About the Dataset

RVL-CDIP (Ryerson Vision Lab — Complex Document Information Processing) is a large-scale document image classification dataset containing approximately 400,000 grayscale images across 16 categories:

advertisement, budget, email, file folder, form, handwritten, invoice, letter, memo, news article, presentation, questionnaire, resume, scientific publication, scientific report, specification

The images are split into training (320K), validation (40K), and test (40K) sets.

This tool hosts the full dataset on S3 and provides a browser for viewing images and reviewing label quality.

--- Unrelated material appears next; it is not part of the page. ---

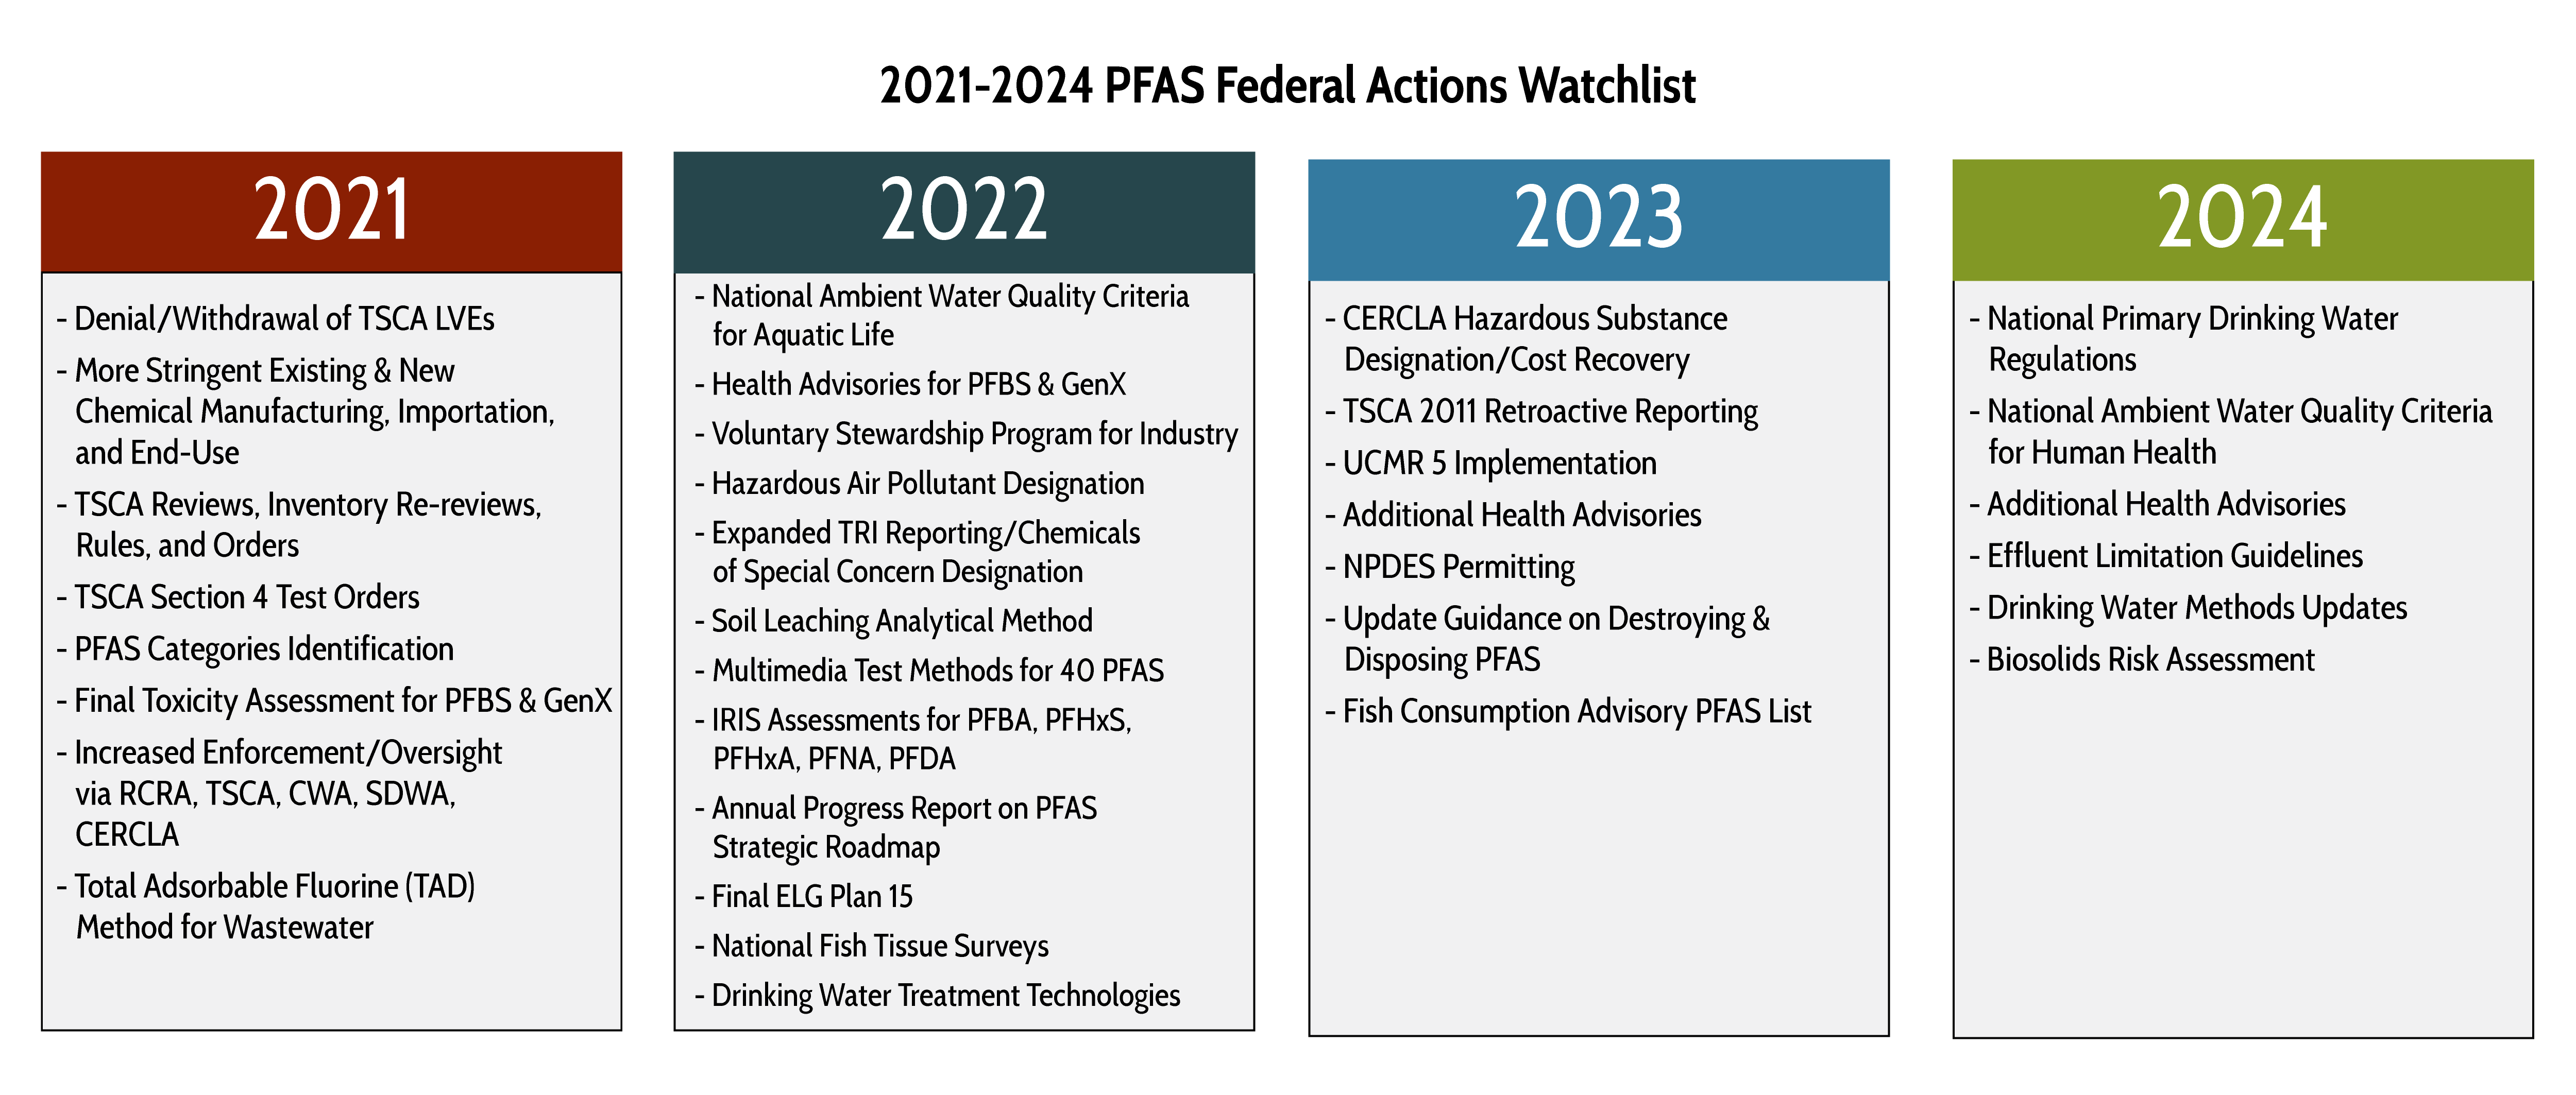 PFAS Federal Regulations Part 3 Recent Actions Affecting Industry

Some images have been annotated with error corrections where the original label was found to be incorrect or ambiguous.


Using the Browser

Filters

Use the dropdown menus at the top of the browse page to narrow results:

  • Split — Show only train, val, or test images.
  • Original Label — Filter by the label assigned in the original dataset.
  • Correctness — Show images marked as correct, incorrect, or unknown.
  • Mixed — Show images that contain content from multiple categories.
  • Mixed With / Fixed Label — Further filter by the secondary category or corrected label.

Click Apply to update results. Filters combine with AND logic.

Viewing Images

Click any thumbnail to open a detail view showing the full-size image and its metadata (label, split, correctness, notes). If editing is enabled, you can update the correctness flag, fixed label, and mixed status from this view.

Pagination

Results are shown 48 per page. Use the page controls at the bottom to navigate.